Lugano Fell es el proyecto en solitario de James Taylor, fundador del duo de techno house inglés Swayzak. Después de 12 años abanderando el sonidos de Swayzak, Taylor ha dado un giro total a su carrera para adentrarse ahora en algo más tranquilo y detallista. Slice Repair es un álbum que recorre diferentes aspectos dibujando collages sonoros, electrónica ambient experimental o noise. Este primer disco de Lugano Fell ha sido compilado a partir de dos CdR's editados en 2008 y 2009 y masterizado por el guru del ambien experimental Lawrence English.
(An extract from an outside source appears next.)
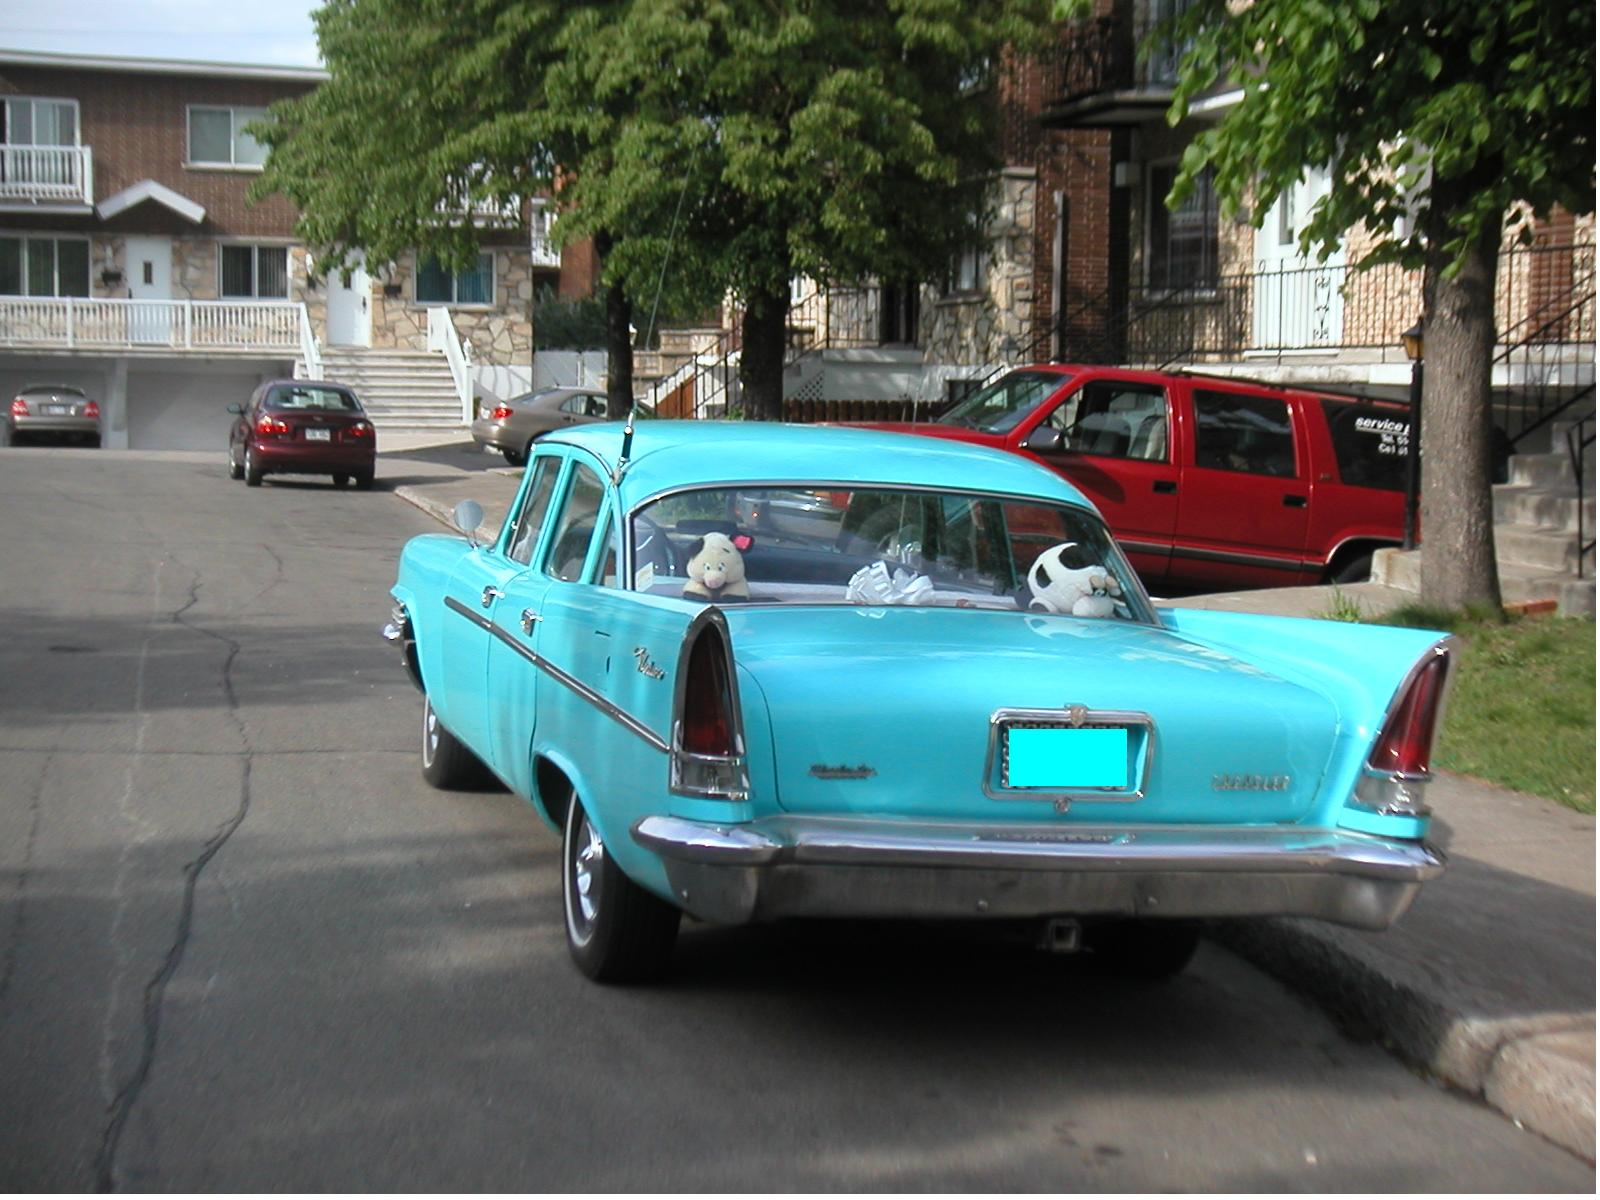 1957 Chrysler Saratoga picture, exterior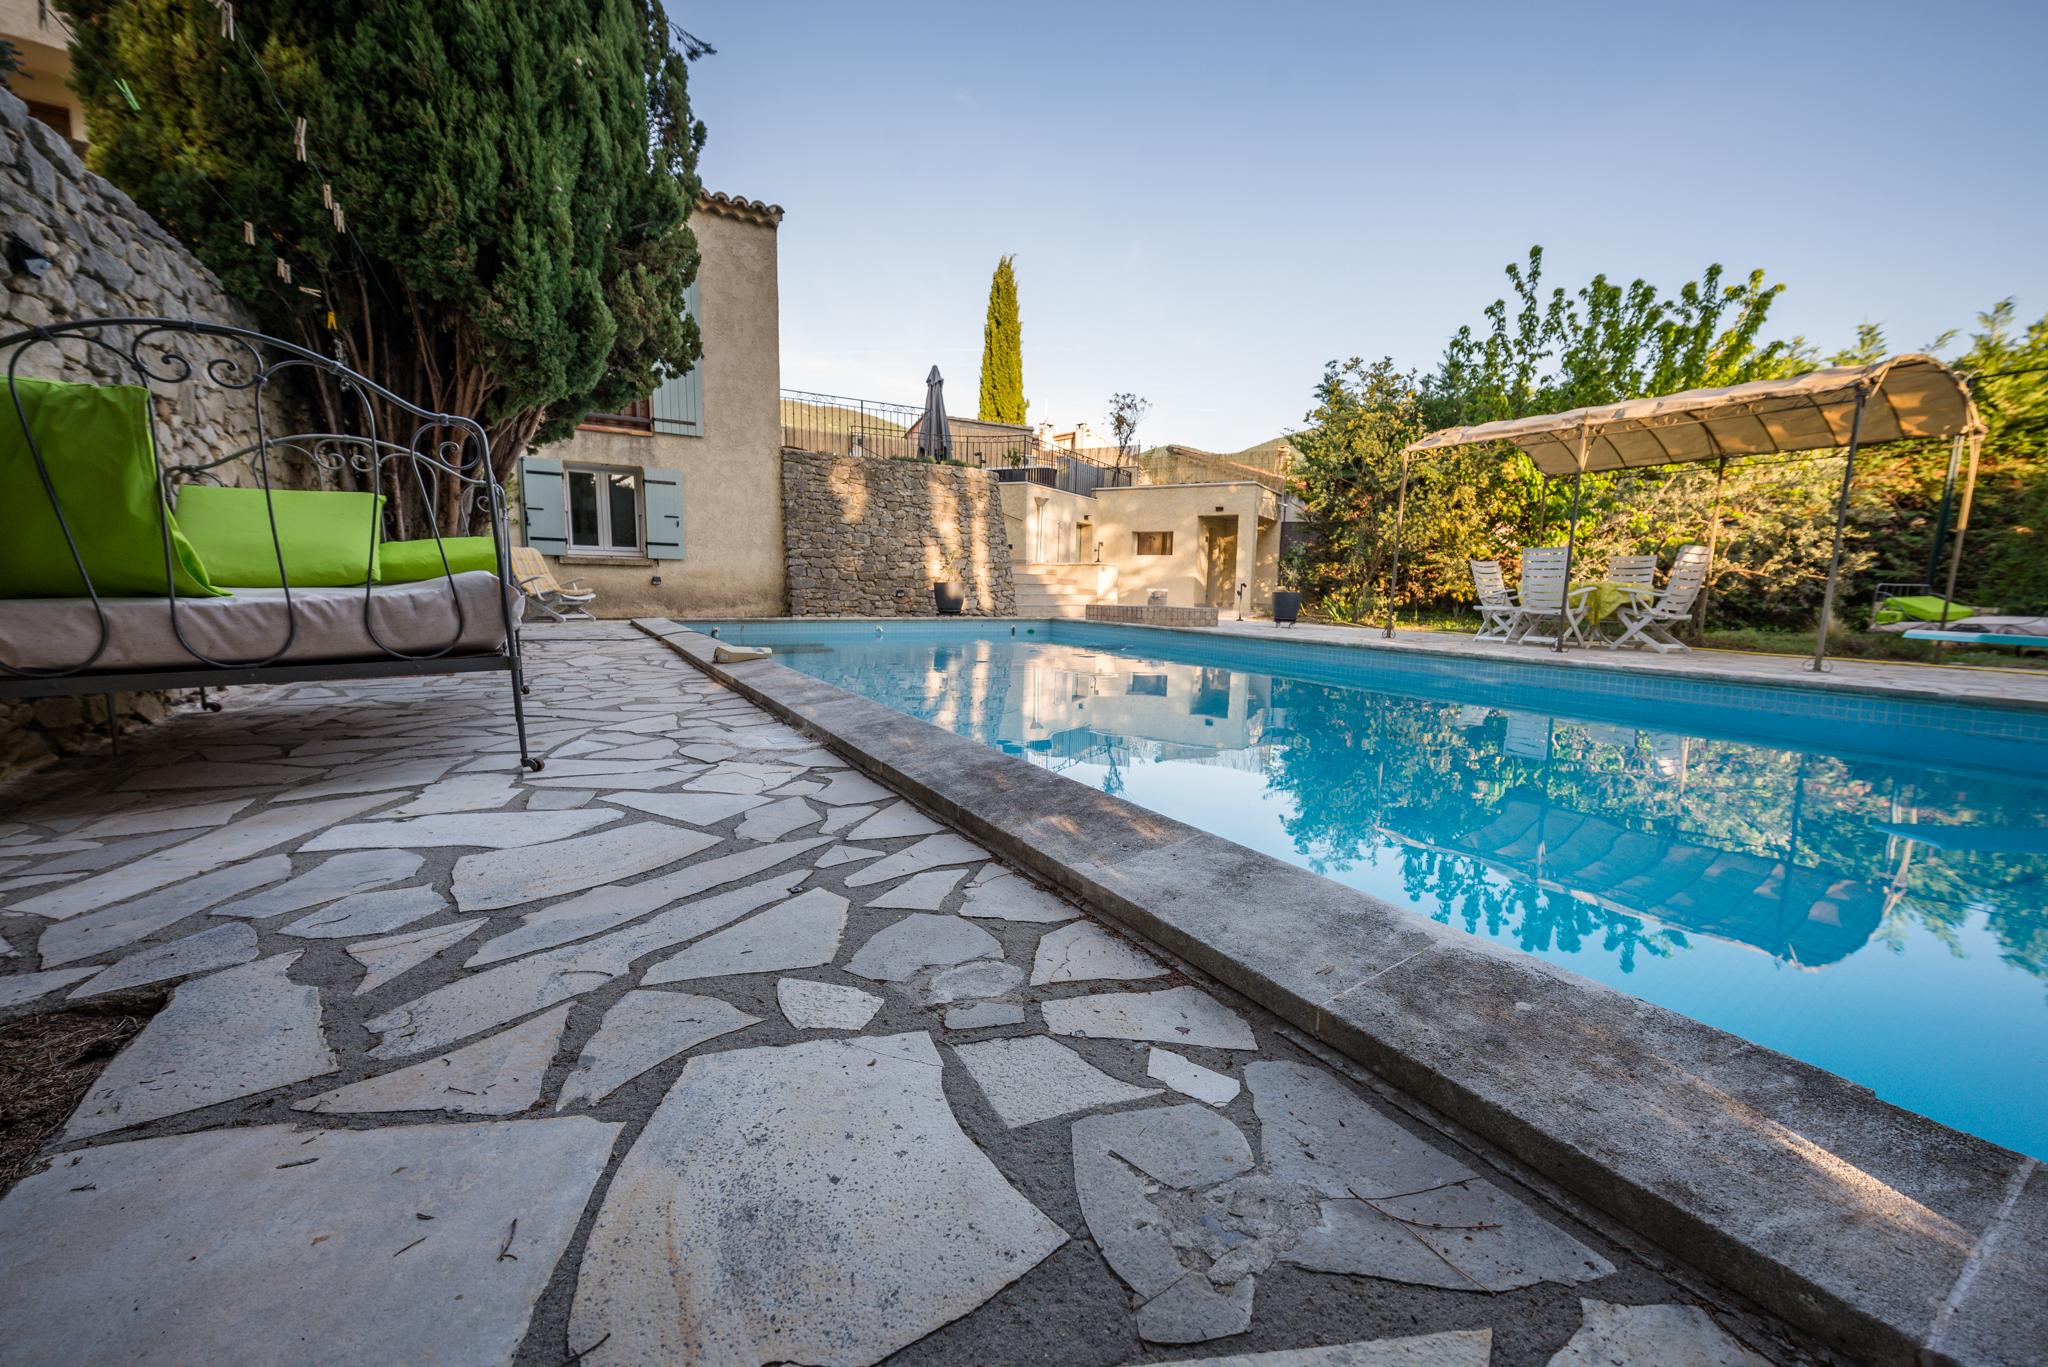 ferienhaus-Nyons-pool-DSC_4680.jpg

Vital Weekly (NL) - July 2010
Text by Frans de Waard
http://www.vitalweekly.net/737.html

So far I reviewed three releases by James Taylor, better known as one half of Swayzak (a tech house duo whose music I don't know), but in his new, solo, guise Lugano Fell. I really liked his first two releases, but then the 3" (reviewed in Vital Weekly 670) didn't do much for me. I noted then that I hoped his Baskaru CD would be better. Still it some water has passed under the bridge before that one was released but here it is. The good thing is: its a great release. But that's hardly a surprise since it was compiled from his two previous CDR releases. And perhaps is the downside, well, at least for me, since I knew these already. Imagine shoegaze music and imagine glitch music. Combine those two, quite odd, ends and there you'll find Lugano Fell. He uses a whole bunch of software and instruments, all listed on the cover, and creates some great music. Lots of acoustic guitar, all heavily chopped up, with lots of plug ins flying about. Its however not a soft album, with careful doodling, but most of the time quite loud and present. Very much along the lines of his first release, rather than his second, me thinks. Like said, this is not the real big surprise, for me that is but let's hope Lugano Fell now reaches a bigger audience, and that it something he deserves.